A deed is also is a written instrument, which has been signed and delivered, by which one individual, the grantor, conveys title to real property to another individual, the grantee; a conveyance of land, tenements, or hereditaments, from one individual to another. Land can only be transferred from one individual to another in the legally prescribed manner. Historically speaking, a written deed is the instrument used to convey ownership of real property. A deed is labelled an instrument of conveyance. In order for a deed to be properly executed, certain acts must be performed to create a valid conveyance. Ordinarily, an essential element of execution is the signature of the grantor in the proper place. It is not necessary, however, that the grantee sign the deed in order for it to take effect as a conveyance. Generally state statutes require that the deed be signed in the presence of witnesses, attesting to the grantor's request. Proper delivery of a deed from the grantor to the grantee is an essential element of its effectiveness. In addition, the grantor must make some statement or perform some act that implies his or her intention to transfer title. It is insufficient for a grantor to have the mere intention to transfer title, in the absence of further conduct that consummates the purpose. A deed must be accepted by the grantee in order for proper transfer of title to land to be accomplished. There are no fixed principles regarding what acts are sufficient to effect acceptance, since the issue is largely dependent upon the party's intent. Acceptance of a deed need not be made by express words or in writing, absent a contrary statutory provision. A deed is ordinarily accepted when the grantee retains it or obtains a mortgage on the property at issue.

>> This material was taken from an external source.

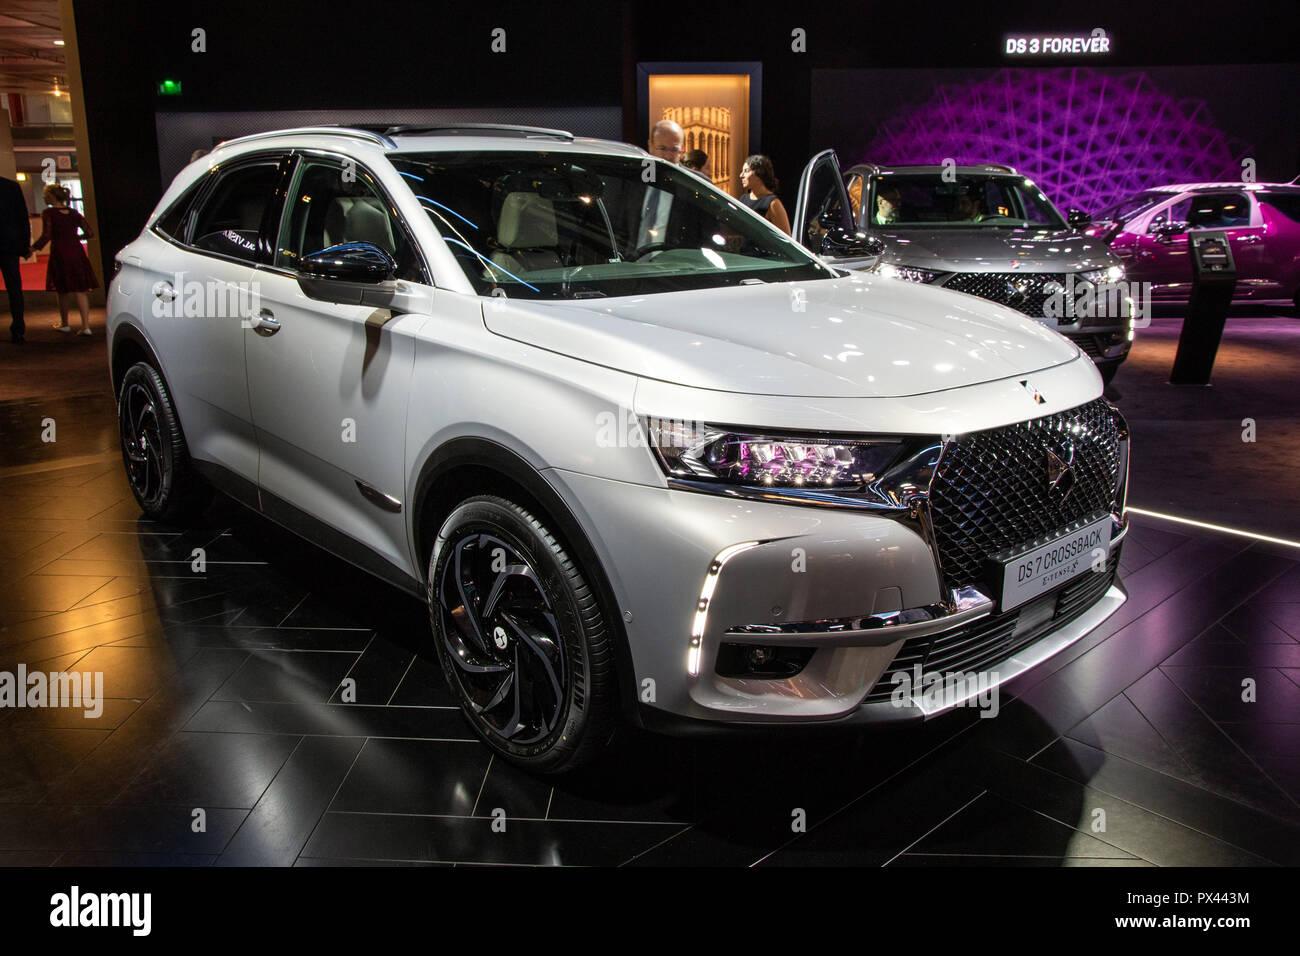 paris oct 2 2018 citroen ds7 crossback e tense car showcased at the paris motor show stock. Black Bedroom Furniture Sets. Home Design Ideas

Types of deeds that may create a debt or liability include a deed of assignment of debt, a deed of guarantee, a deed of indemnity. A deed of assignment ‘assigns’ the rights and liabilities of one party, in respect of a debt, to another party who assumes the position of the assignor. Sound legal advice from a skilled Debt Recovery and Insurance Lawyer may be advantageous to ensure that any deeds are properly understood.

A guarantee is an agreement in which the Guarantor agrees to guarantee the payment of monies and the observance and performance of another party’s obligations as specified in a contract. A Guarantee can extend to claims for damages for breaches of any covenants, provision or term of a contract; for repudiation of contract; for the Guarantee’s damage or loss on the occurrence of certain events; for the Guarantee’s reasonable legal and other expenses of seeking to enforce those obligations against the party and the Guarantor.

An indemnity agreement is an agreement for one party to provide compensation for loss or damage from the actions of another party.  Indemnity is defined as "a duty to make good any loss, damage, or liability incurred by another. Indemnity has the general meaning of to "hold harmless", which means one party holds the other harmless for some loss or damage. An indemnity agreement (sometimes called a "hold harmless agreement" can be a contract or a section of a contract. An example is a businesses that offer somewhat dangerous activities to the public,  such as base jumping or white water rafting, which requires that the members of the public sign an indemnity agreement releasing the business from liability in case of an accident. In reality, if the business is found to be negligent the individual who was injured still has a cause of action against the company. Sound legal advice from a skilled Debt Recovery and Insurance Lawyer may be advantageous to ensure that any contractual liability is properly understood.

Consultation with an experienced Debt Recovery and Insurance Lawyer can assist you in ensuring that you draft a deed which is comprehensive, logical and accurately states the rights, duties and obligations of each party. In particular, advice may be sought if a debt or liability arises from a deed that needs to be challenged, resolved or enforced.

If you need further legal advice on your debt related matter, you may book an appointment with us by telephone on (02) 9233 4048 or by email to info@navado.com.au.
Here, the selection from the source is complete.